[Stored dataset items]
◆ ◆ ◆ ◆ ◆ ◆ ◆

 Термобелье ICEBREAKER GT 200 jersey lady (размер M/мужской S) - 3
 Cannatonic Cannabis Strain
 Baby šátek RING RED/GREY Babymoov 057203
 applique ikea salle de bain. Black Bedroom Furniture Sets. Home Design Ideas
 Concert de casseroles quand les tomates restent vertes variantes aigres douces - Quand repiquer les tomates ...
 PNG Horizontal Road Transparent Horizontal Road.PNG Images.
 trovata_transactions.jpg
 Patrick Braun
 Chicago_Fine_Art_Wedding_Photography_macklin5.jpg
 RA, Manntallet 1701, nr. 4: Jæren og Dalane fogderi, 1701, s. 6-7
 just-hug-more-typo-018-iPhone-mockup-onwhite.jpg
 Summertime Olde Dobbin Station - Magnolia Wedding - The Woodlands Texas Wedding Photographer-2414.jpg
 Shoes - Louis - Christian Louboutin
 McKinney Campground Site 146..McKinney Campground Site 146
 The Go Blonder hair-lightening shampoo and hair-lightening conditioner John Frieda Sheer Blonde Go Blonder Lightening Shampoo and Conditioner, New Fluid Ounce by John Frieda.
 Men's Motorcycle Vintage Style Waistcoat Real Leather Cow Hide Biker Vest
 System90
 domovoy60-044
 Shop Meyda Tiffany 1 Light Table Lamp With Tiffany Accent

◆ ◆ ◆ ◆ ◆ ◆ ◆

Your answer is the line containing "trovata_transactions.jpg" plus every line after it through the end of the entries, given again exactly and alone.

 trovata_transactions.jpg
 Patrick Braun
 Chicago_Fine_Art_Wedding_Photography_macklin5.jpg
 RA, Manntallet 1701, nr. 4: Jæren og Dalane fogderi, 1701, s. 6-7
 just-hug-more-typo-018-iPhone-mockup-onwhite.jpg
 Summertime Olde Dobbin Station - Magnolia Wedding - The Woodlands Texas Wedding Photographer-2414.jpg
 Shoes - Louis - Christian Louboutin
 McKinney Campground Site 146..McKinney Campground Site 146
 The Go Blonder hair-lightening shampoo and hair-lightening conditioner John Frieda Sheer Blonde Go Blonder Lightening Shampoo and Conditioner, New Fluid Ounce by John Frieda.
 Men's Motorcycle Vintage Style Waistcoat Real Leather Cow Hide Biker Vest
 System90
 domovoy60-044
 Shop Meyda Tiffany 1 Light Table Lamp With Tiffany Accent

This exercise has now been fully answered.